Affaire étouffée par l'évêque

Au moment du dépôt de la demande, Paul Dancause avait témoigné par voie de communiqué à l’effet que ses trois enfants et son épouse avaient souffert de ses comportements et que le troisième membre de la fratrie s’était enlevé la vie. «À l’époque, nous n’étions que des enfants, mais nous avons réussi à dénoncer les agressions. Pourtant, aucune suite n’a été donnée à notre dénonciation. J’en ai parlé avec l’évêque de Saint-Jérôme qui m’a alors demandé de garder le silence. Il m’a même blâmé pour les gestes d’agressions sexuelles que j’avais subis par un membre de son diocèse», écrivait-il.

Bien que la demande comporte maintenant 24 noms, les avocats s’attendent à ce que d’autres victimes ayant été agressées entre 1940 et 2022 se manifestent. La demande introductive d’instance vise des dommages et intérêts pécuniaires et punitifs atteignant 600 000 $ pour chacune des victimes éventuelles.

Blâme sévère envers l'Église

Elle est sans complaisance envers les autorités cléricales: «Bien que les Défendeurs savaient que des agressions sexuelles avaient été commises sur le territoire du Diocèse de SJML (NDLR: Saint-Jérôme - Mont-Laurier) par leurs préposés, ceux-ci ont omis d’enquêter et de sévir à l’encontre des personnes fautives alors qu’ils avaient l’obligation de le faire selon le droit canonique.

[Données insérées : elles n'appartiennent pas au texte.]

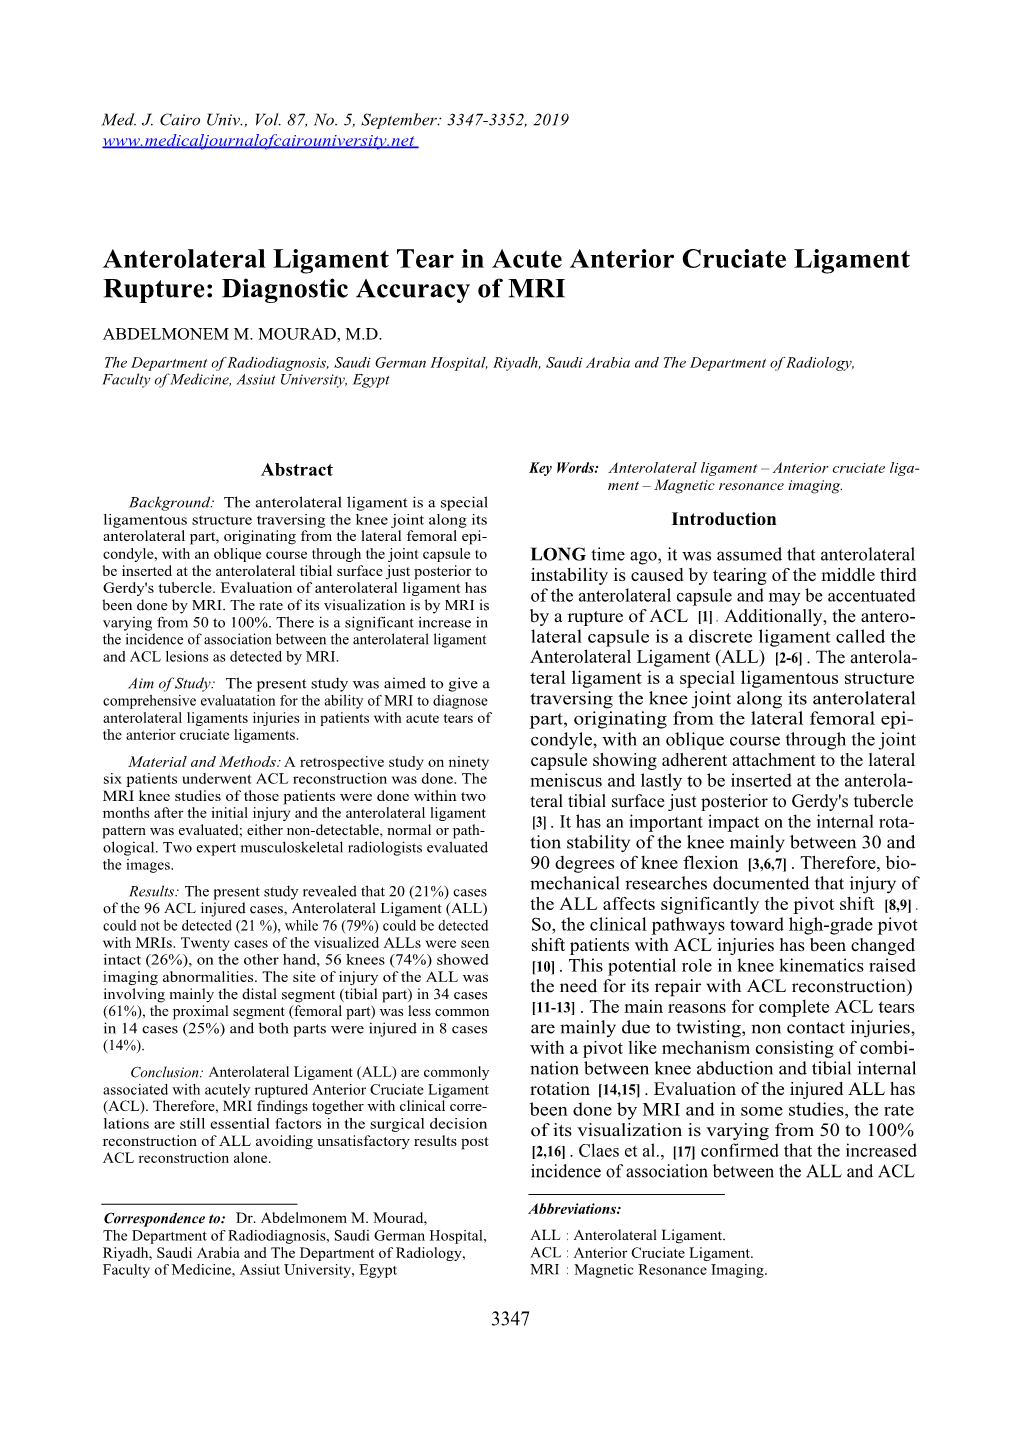 Anterolateral Ligament Tear in Acute Anterior Cruciate Ligament Rupture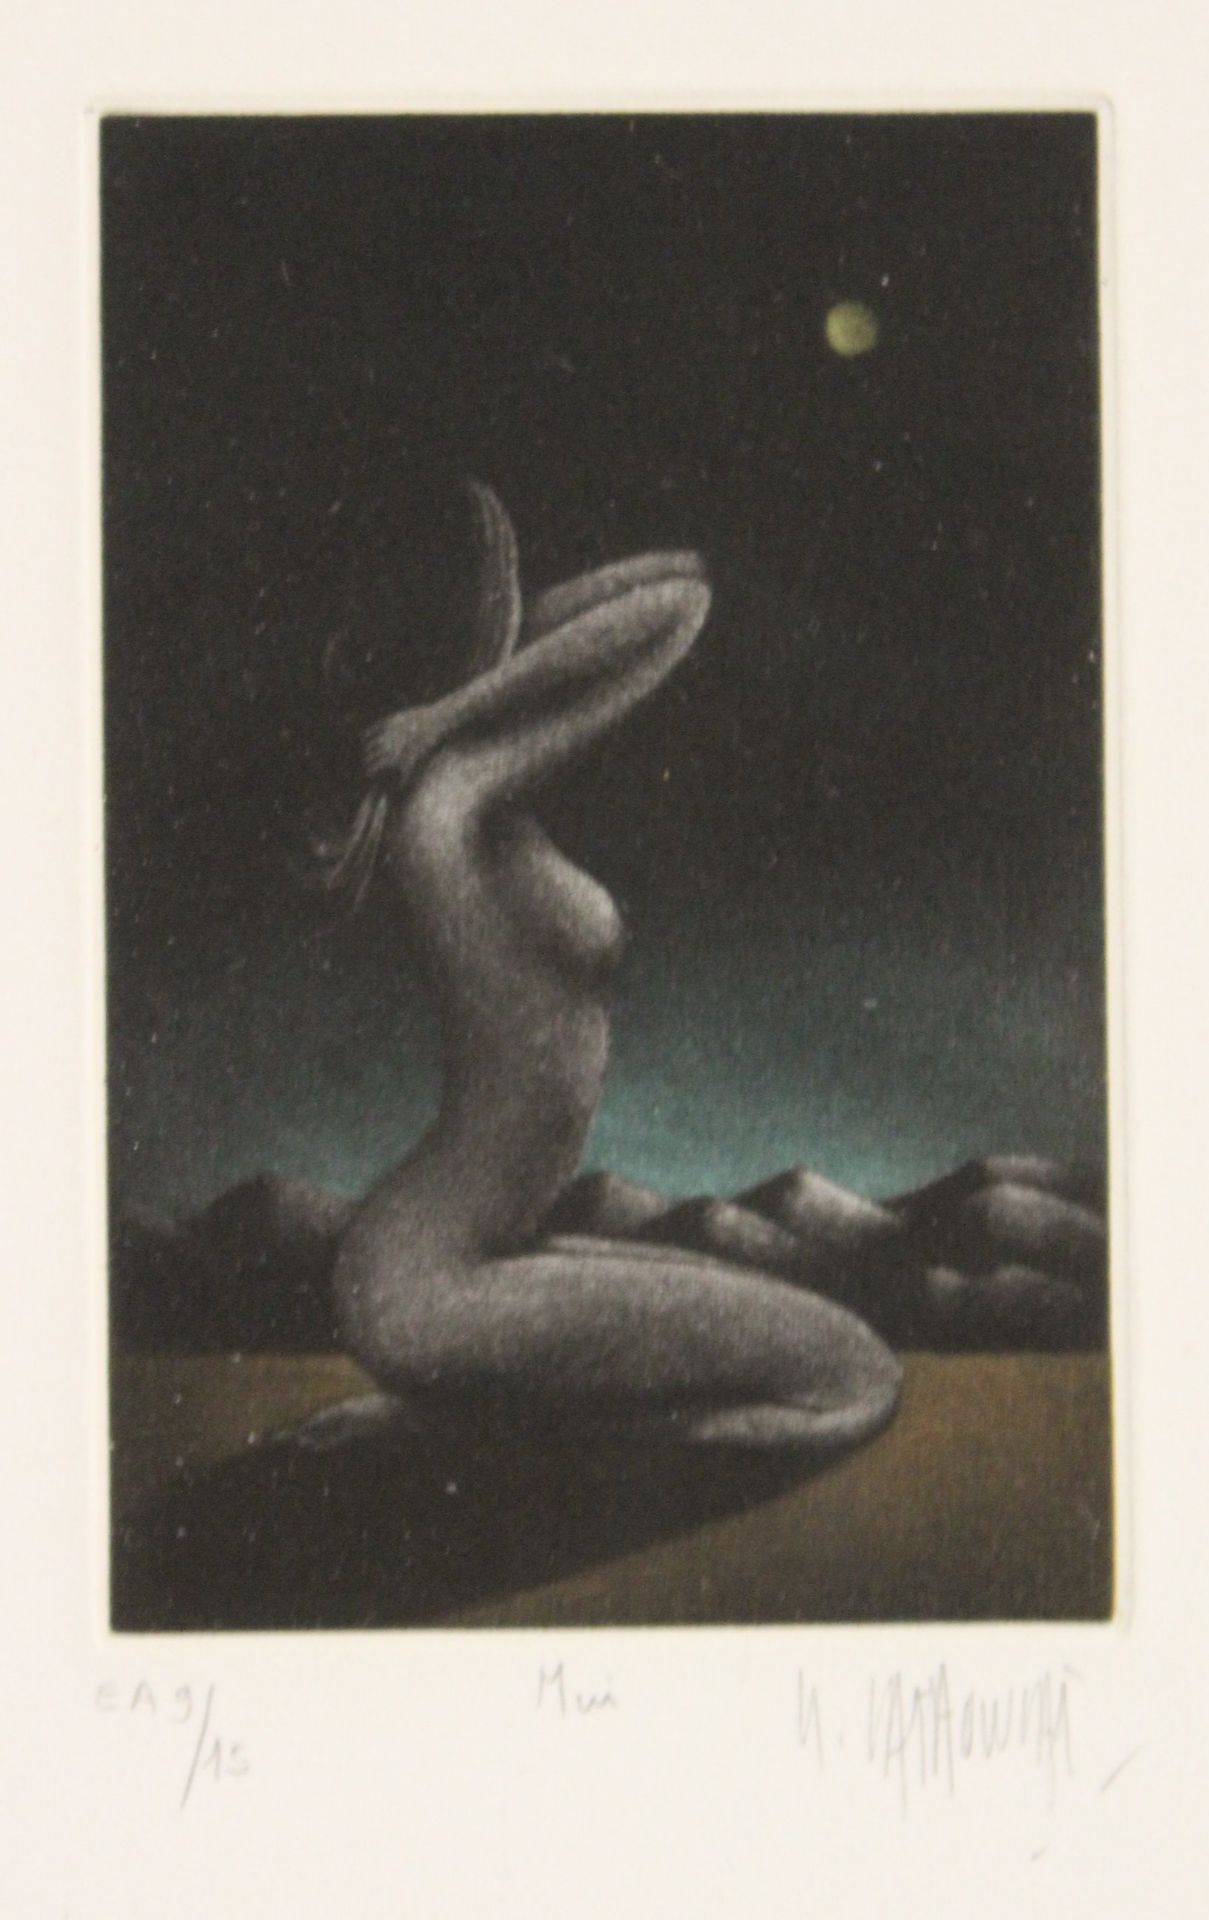 Bruno BRUNI (1935), Farbradierung, weibl. Akt, betitelt "MAI", E.A. 9/15, gut gerahmt/Glas, RG 69 x

Les Défendeurs ont plutôt choisi d’ignorer leur propre droit interne pour faire prévaloir la culture du silence.»

«En plus des graves manquements quant à leurs propres obligations d’agir, les Défendeurs ont fait défaut de prendre les mesures qui s’imposent afin que les agresseurs connus et identifiés soient dénoncés aux autorités laïques.»

Le document poursuit: «En choisissant de déplacer leurs préposés fautifs de manière à ce qu’ils préservent leurs fonctions, les Défendeurs ont participé à construire et à favoriser une culture du secret entourant la commission des actes répréhensibles et ont commis, de ce fait, une faute civile directe qui les rend également responsables des préjudices subis par les membres du Groupe.»

«De plus, le récit relaté des différents abus sexuels perpétrés sur le territoire du Diocèse de SJML par les préposés des Défendeurs illustre qu’il ne s’agit pas de gestes isolés, mais plutôt de gestes répétés, commis par plusieurs préposés des Défendeurs à l’égard d’un nombre important de fidèles, lesquels étaient en grande majorité mineurs au moment des faits, et ce, sur une période non négligeable d’au moins soixante (60) ans», peut-on lire dans cette demande.